BEGIN DATASET RECORDS

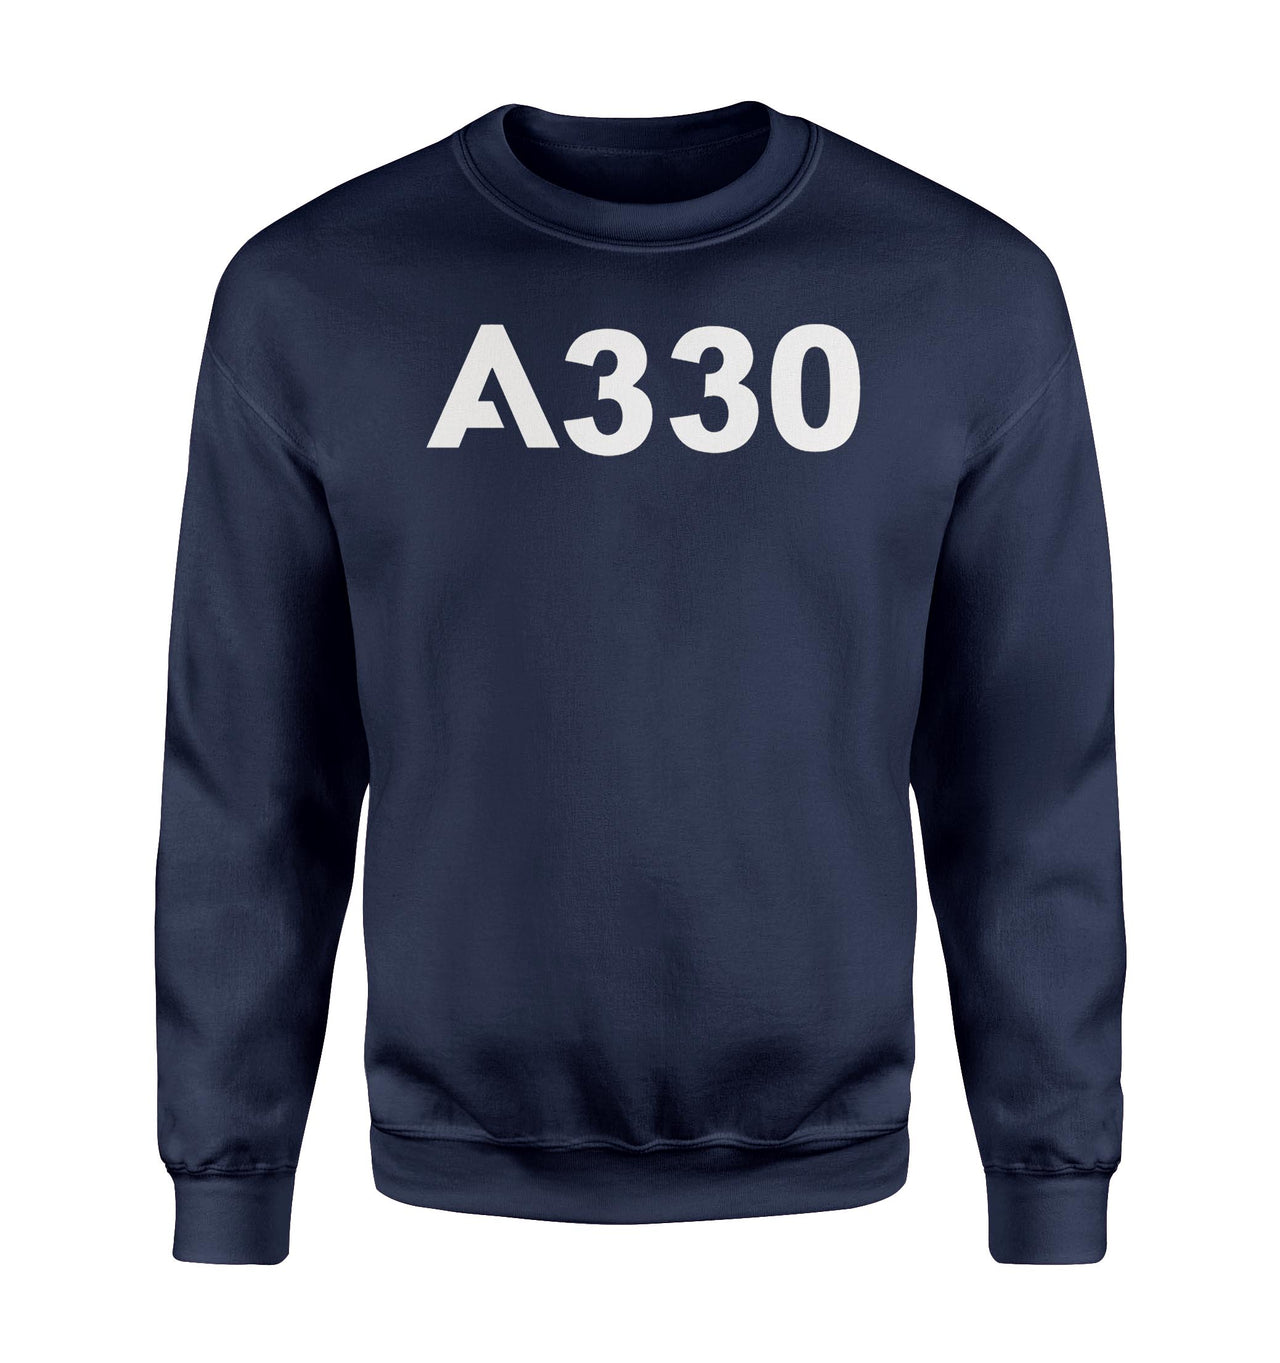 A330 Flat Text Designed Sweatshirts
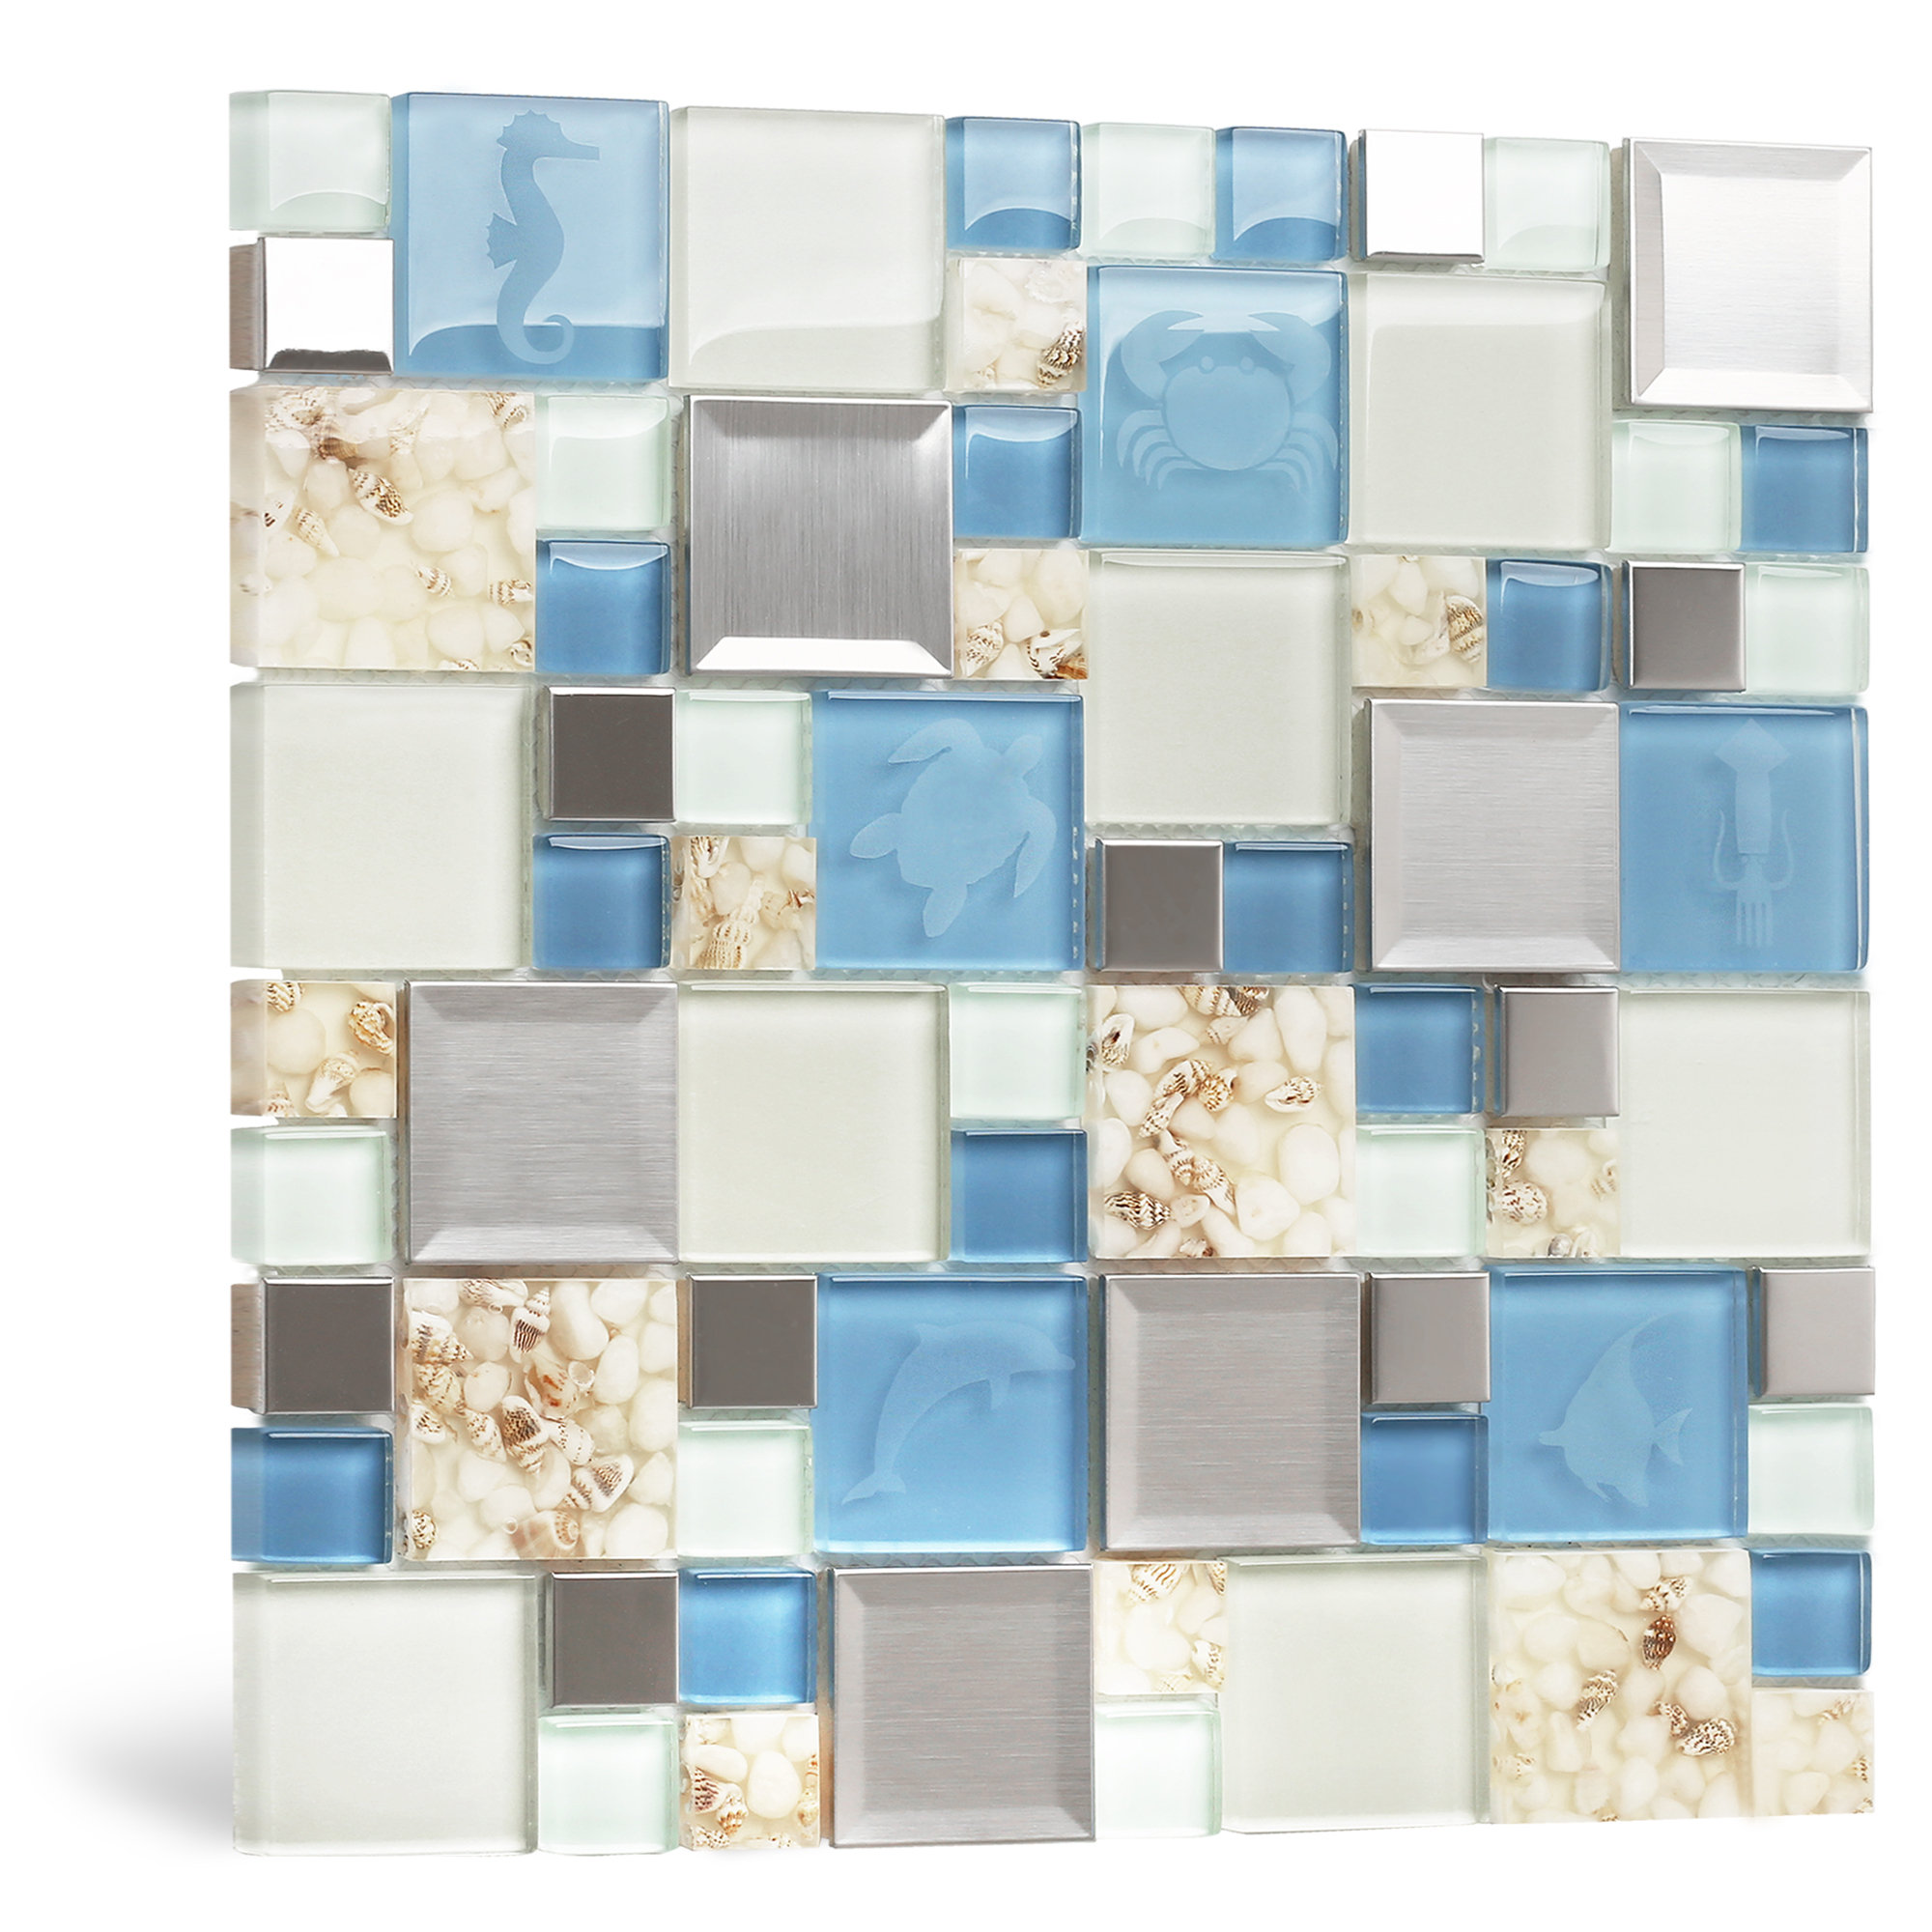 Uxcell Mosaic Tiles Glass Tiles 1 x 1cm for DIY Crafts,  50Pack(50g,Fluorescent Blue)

END DATASET RECORDS
BEGIN DATASET RECORDS

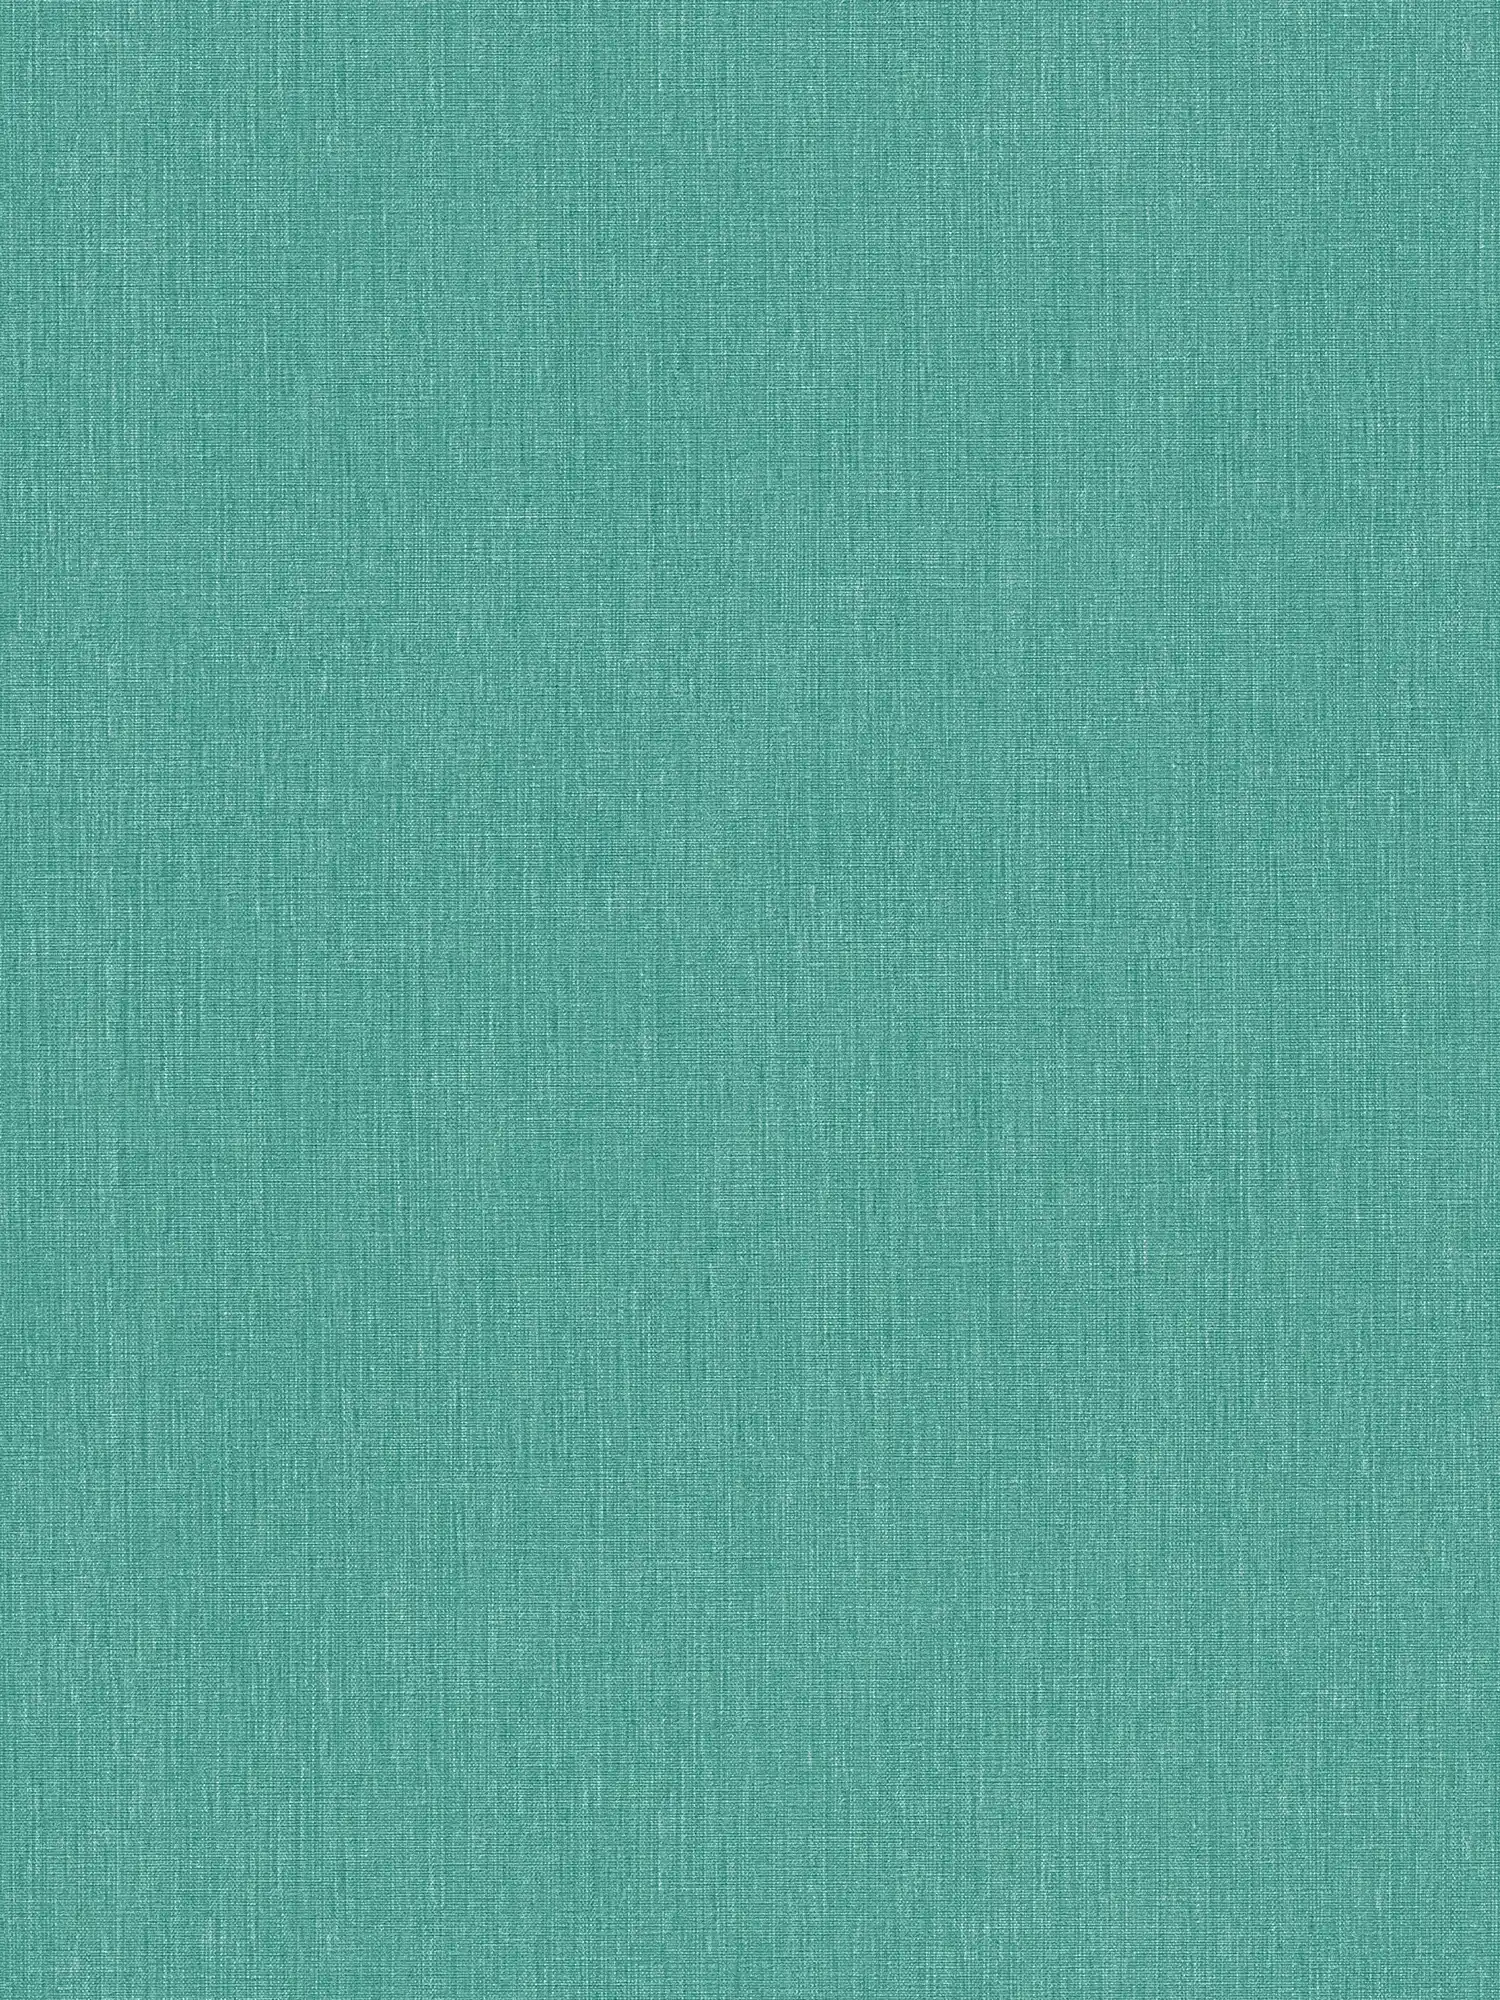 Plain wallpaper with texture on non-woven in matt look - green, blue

END DATASET RECORDS

WORK ITEM:
The copy should hold only the lines from the one with "A330 Flat Text Designed Sweatshirts" through the one with "Uxcell Mosaic Tiles", exactly as they stand above. Leave out the pictures.

REPLY:
 A330 Flat Text Designed Sweatshirts
 Uxcell Mosaic Tiles Glass Tiles 1 x 1cm for DIY Crafts,  50Pack(50g,Fluorescent Blue)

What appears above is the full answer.